**To do**
Set down each entry exactly; omit images.

****************

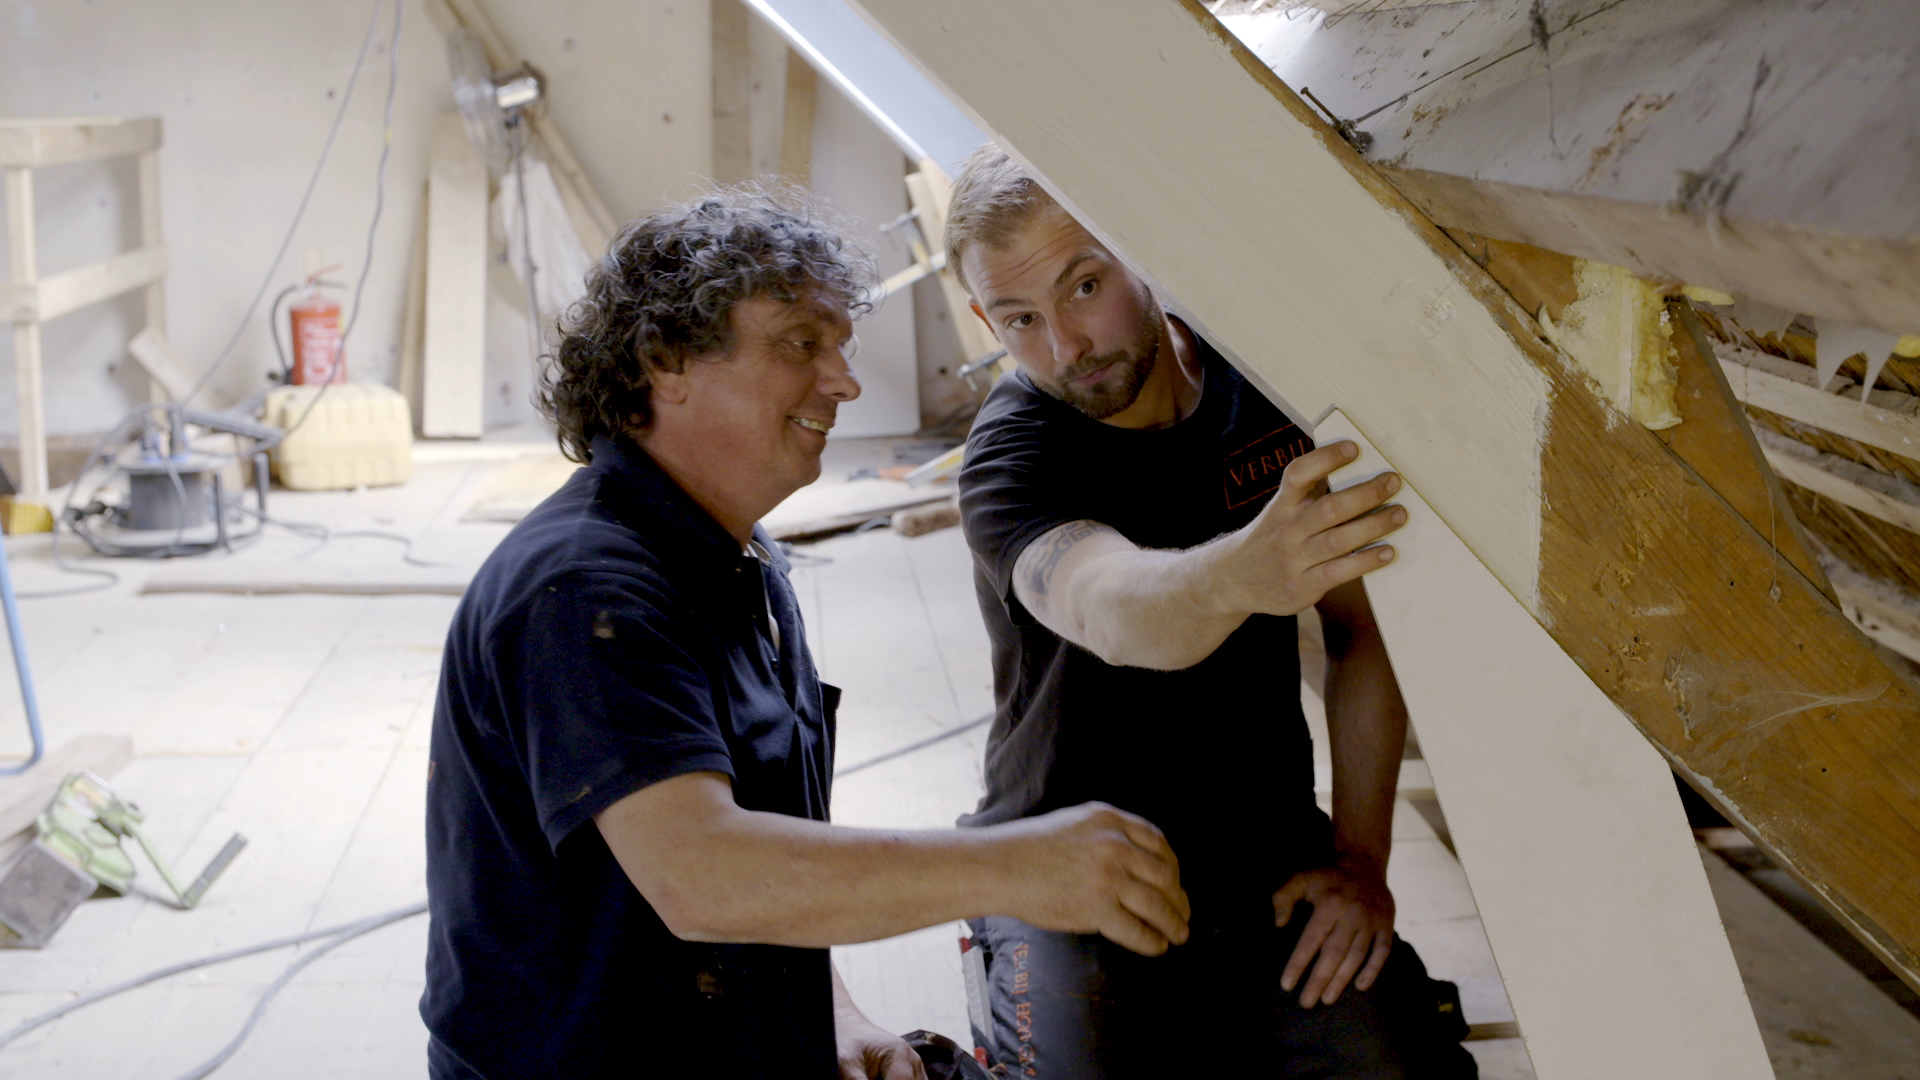 Lang leve de meester en zijn gezel bij bouw- en molenmakersbedrijf Verbij in Hoogmade [video]
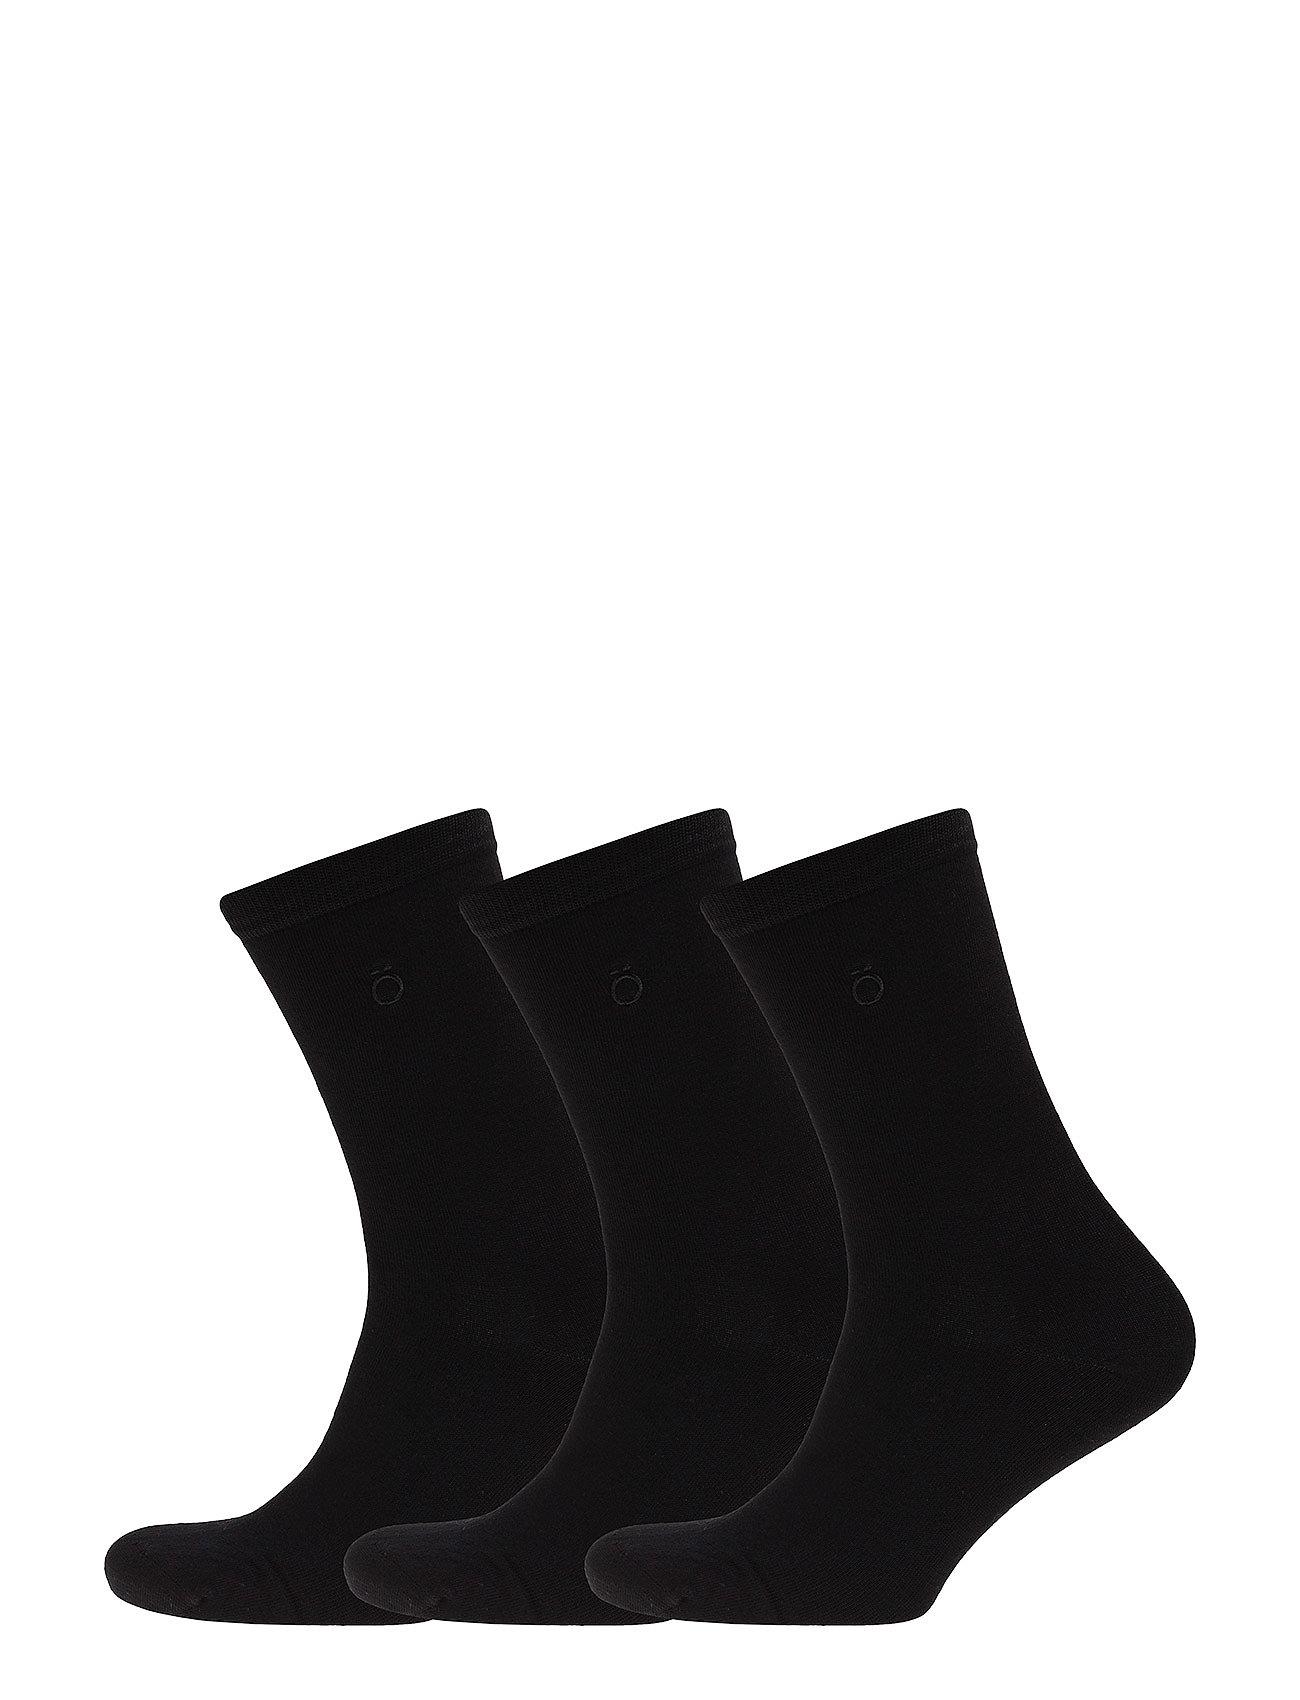 Resteröds Resteröds bamboo socks 3 pack Strumpor
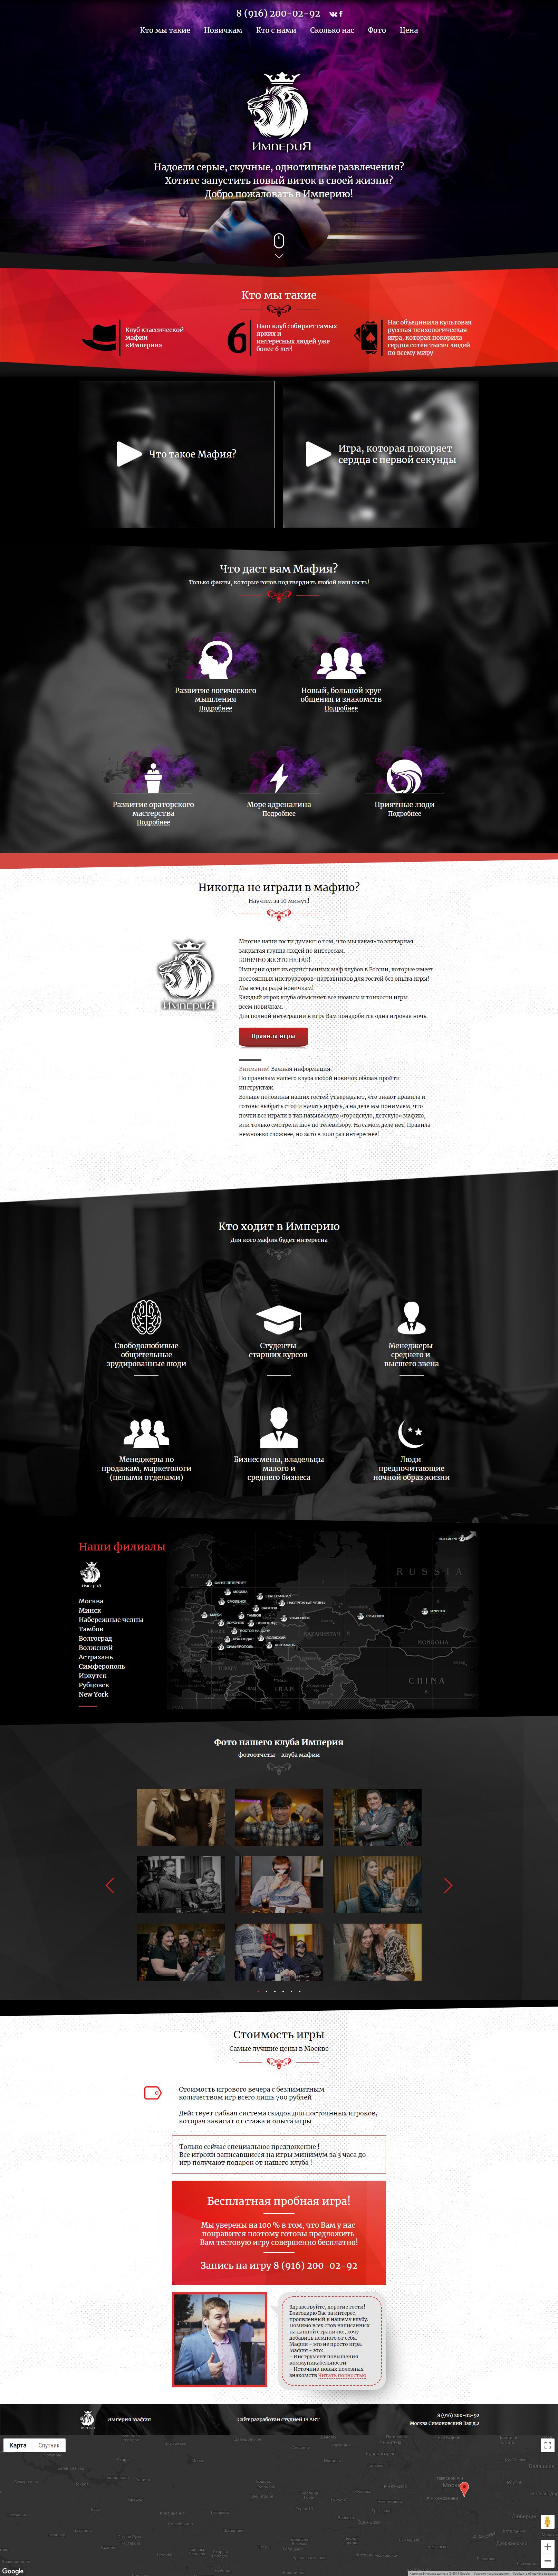 Макет сайта Сайт для маф клуба Империя 1
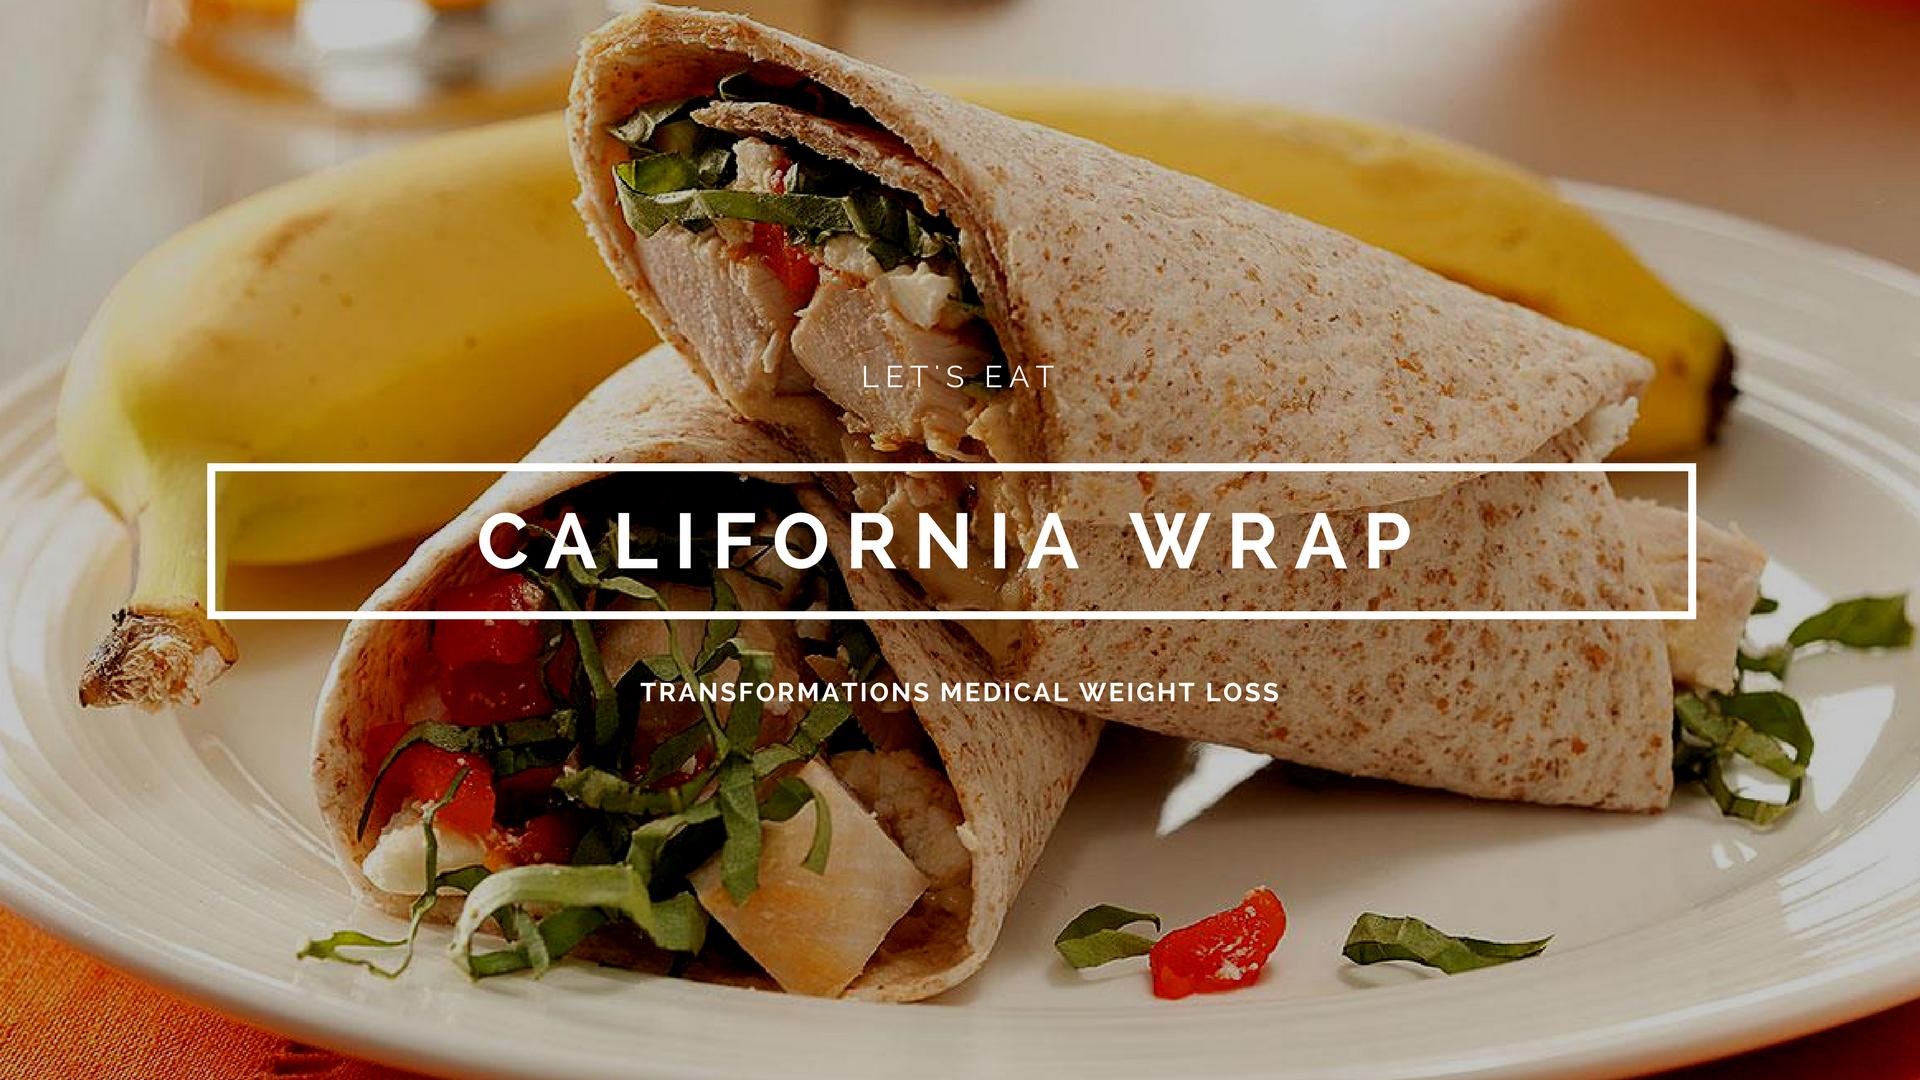 California Wrap
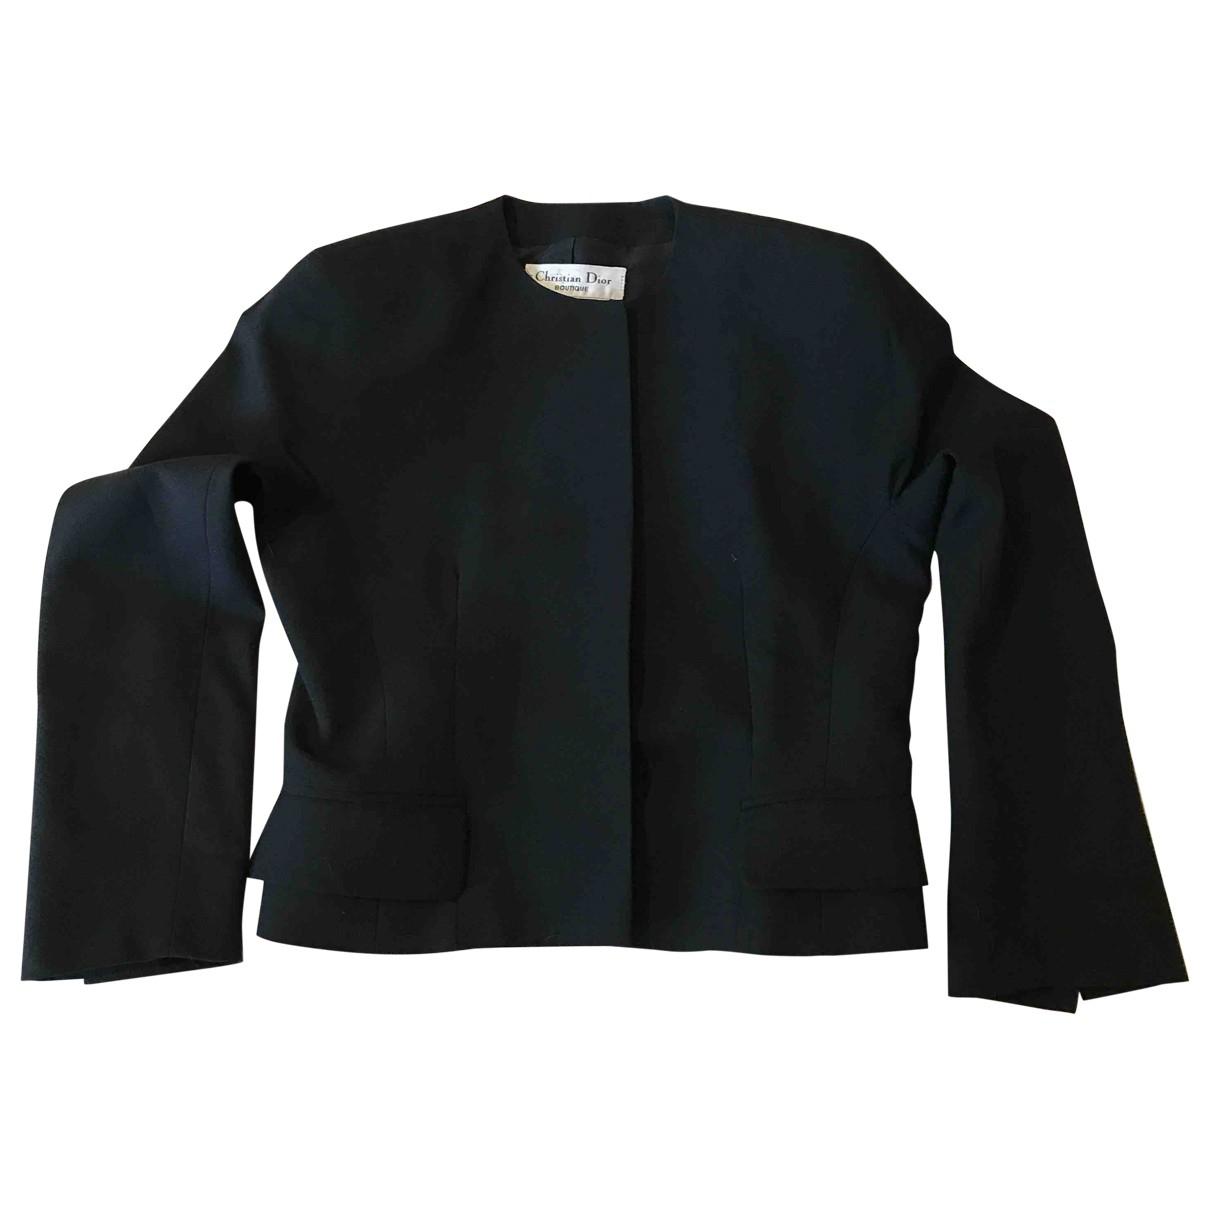 Dior \N Jacke in  Schwarz Wolle

****************

**Result of this exercise**
 Lang leve de meester en zijn gezel bij bouw- en molenmakersbedrijf Verbij in Hoogmade [video]
 Resteröds Resteröds bamboo socks 3 pack Strumpor
 Макет сайта Сайт для маф клуба Империя 1
 California Wrap
 Dior \N Jacke in  Schwarz Wolle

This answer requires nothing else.